To repeat all other analyses and reproduce figures, download results of predictive analysis from Zenodo (https://doi.org/10.5281/zenodo.5718584) and skip to section 2, Data analyses
Predictive analysis scripts are logistic_regression.py, random_forest.py, and cox_regression.py
These scripts can be run from the command line on any data source at any week, and can run the model with a held-out sample (i.e. to calculate the AUC/CI score with bootstrapping) or can run the model with all samples (i.e. to calculate the coefficients with bootstrapping)
The options that must be specified are:
- -o: output data path where pickle files of model results will be deposited
- -i: data source; options are:
- "metabs" for LC/MS untargeted metabolites
- "scfa" for targeted short chain fatty acids
- "16s" for 16S rRNA amplicon sequencing data (i.e. ASVs)

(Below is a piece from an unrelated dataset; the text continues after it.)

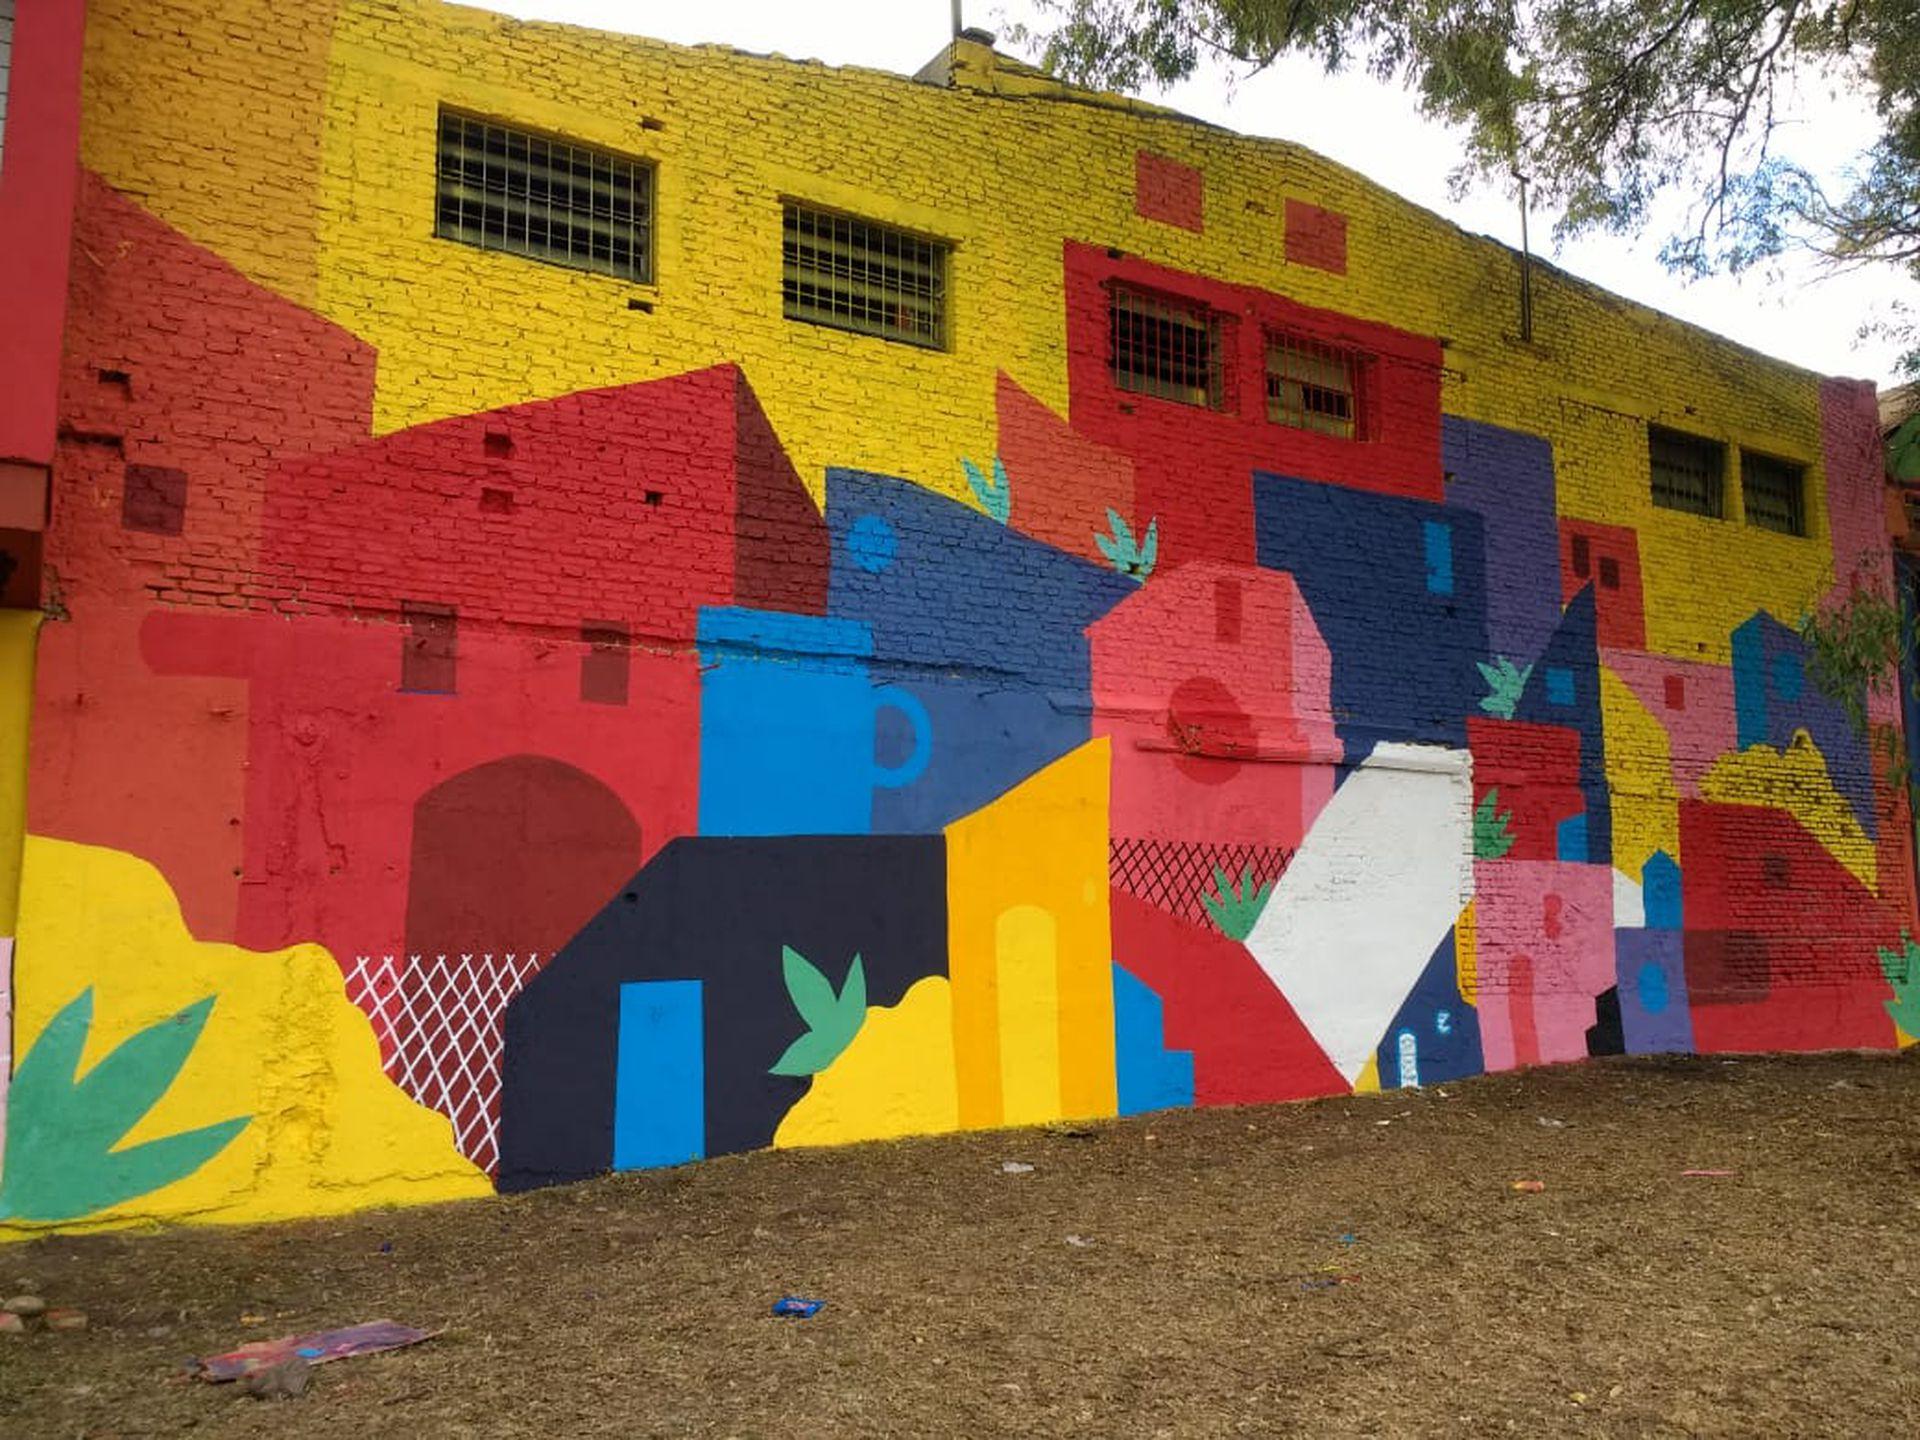 Una de las obras de Rodo Graff
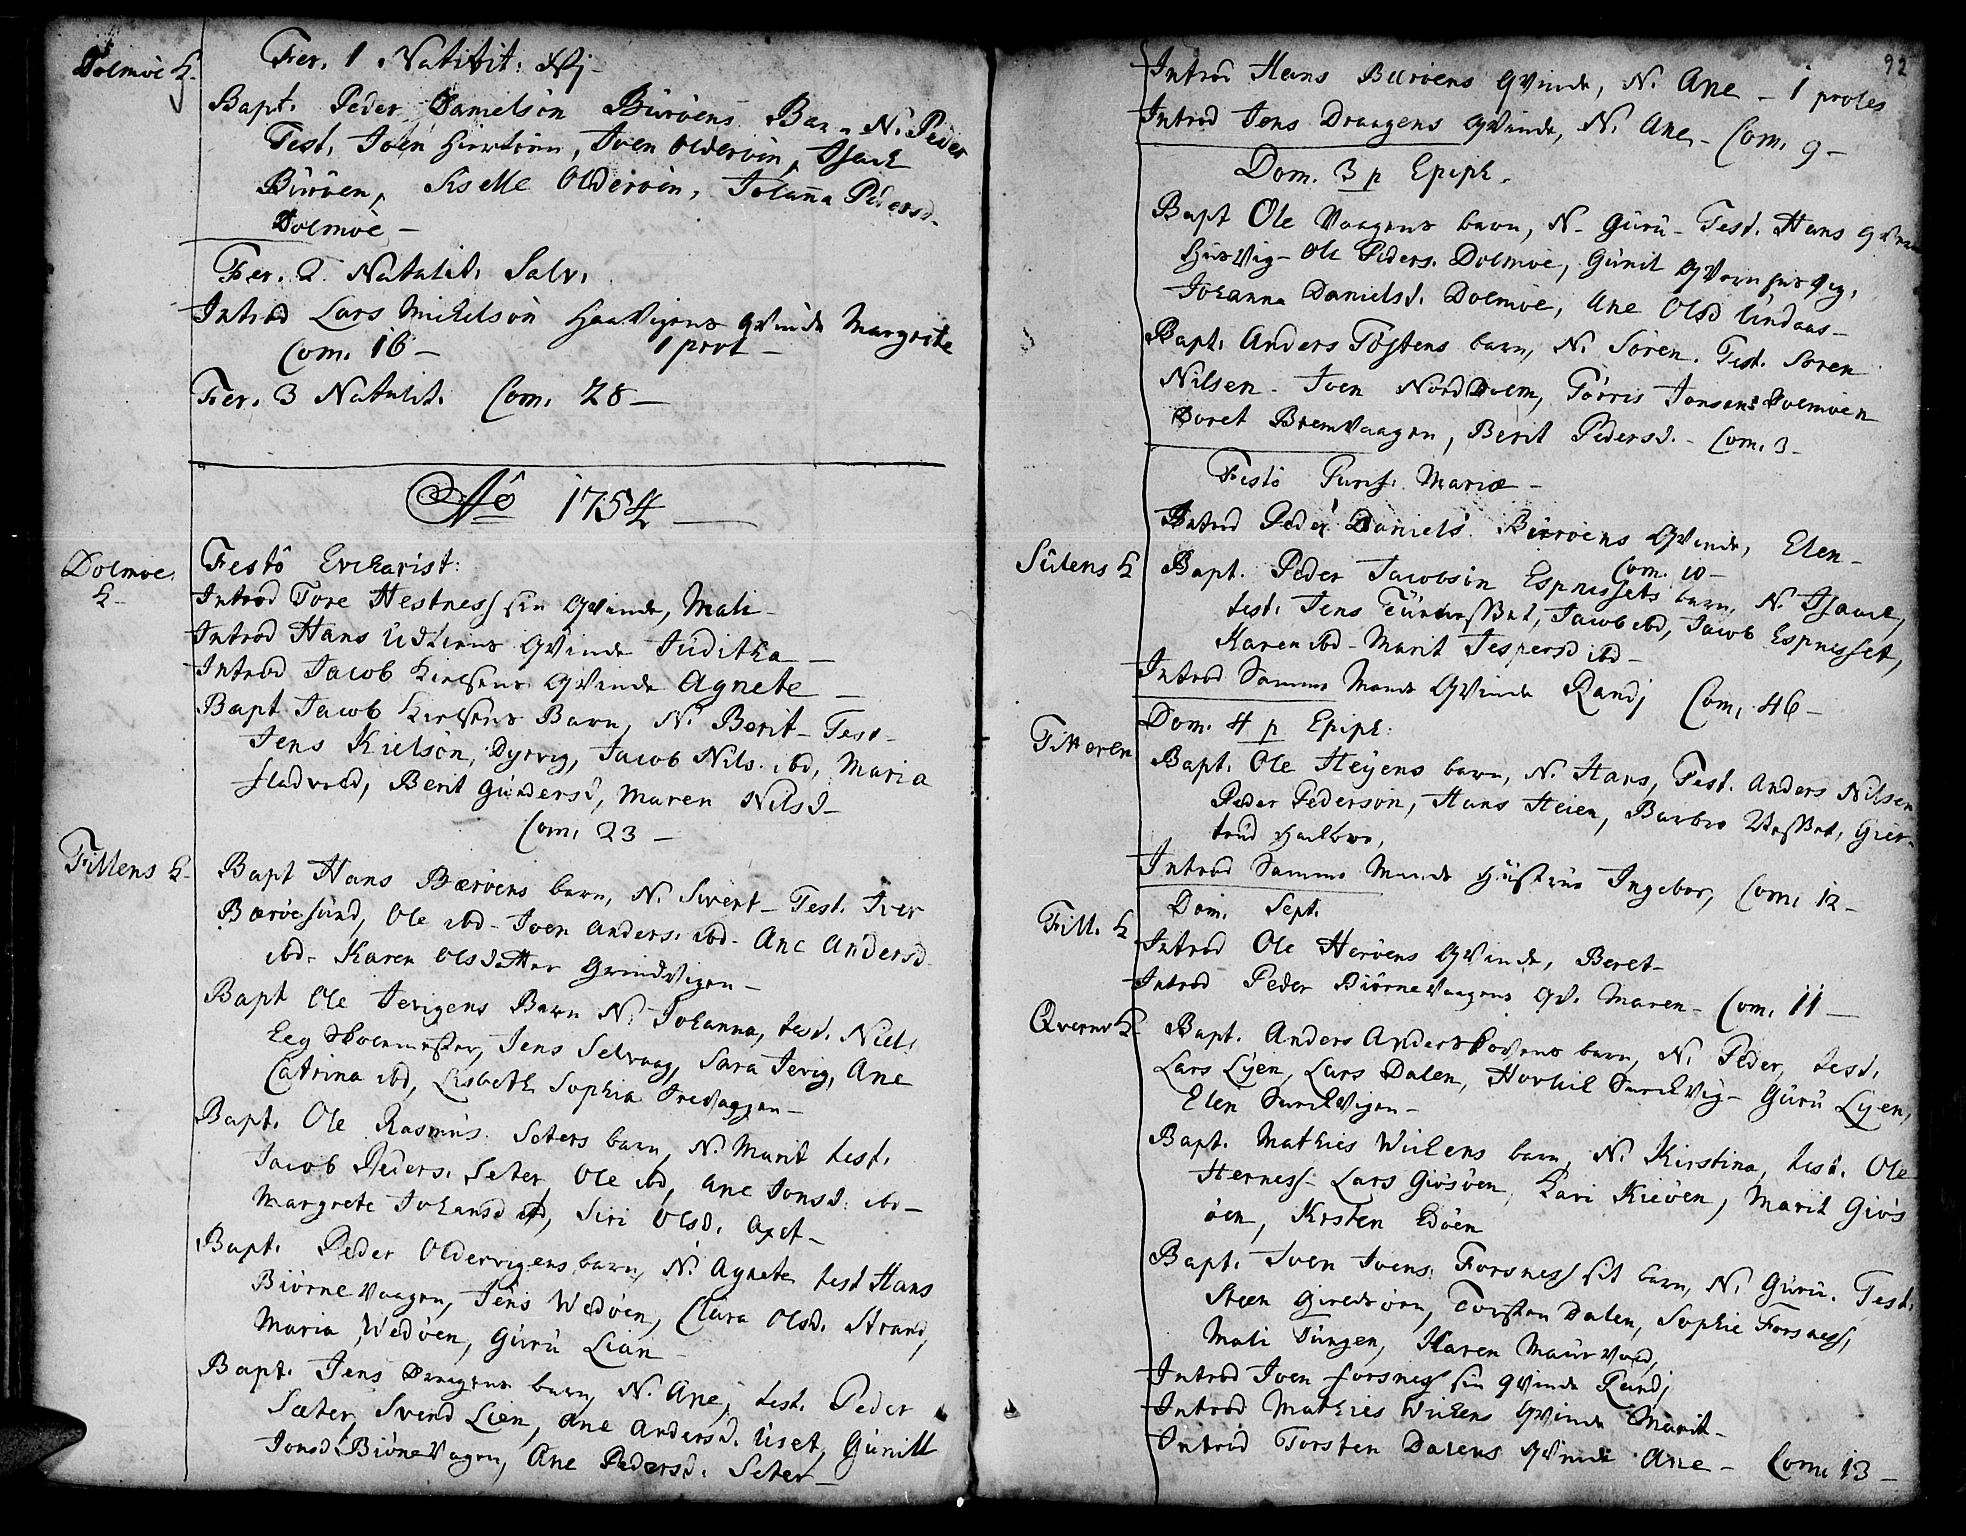 SAT, Ministerialprotokoller, klokkerbøker og fødselsregistre - Sør-Trøndelag, 634/L0525: Ministerialbok nr. 634A01, 1736-1775, s. 92

- "demo" for clinical/demographic variables
- Multiple data sources, where any of the above options are combinded with an underscore
- i.e. -i 'metabs_scfa' will run a model with both metabolite and SCFA data
- -week: the week predictions will be made from; options are:
- 0 for pre-treatment
- 1 for week 1
- 2 for week 2
- -ix: sample to hold out (if -type == 'auc')
- -type whether to hold out the sample number specified by -ix in order to calculate an AUC/CI on an N-1 data set (useful to obtain a variance over AUC/CI scores); options are:
- 'auc' (to hold out the sample specified by -ix)
- 'coef' (to not hold out any data)
Ex: run random forest on metabolites and SCFA data at week 1 with the fourth sample held out:
python3 ./random_forest.py -o 'output' -i 'metabs_SCFA' -week 1 -type 'auc' -ix 4
Ex: run cox regression on 16s sequencing data and clinical/demographic data at pre-treatment
with no samples held out:
python3 ./cox_regression.py -o 'output' -i '16s_demo' -week 0 -type 'coef' -ix 4
To run multiple held-out samples at once and/or multiple data sources, use dispatcher.py (if running on a remote server with LSF job submission) or dispatcher_local.py (if running on a local computer)
For either dispatcher.py or dispatcher_local.py, all held-out indices will be ran in parallel
(note: weeks with less than 48 samples of data will error on higher indices, but will continue running all possible indices)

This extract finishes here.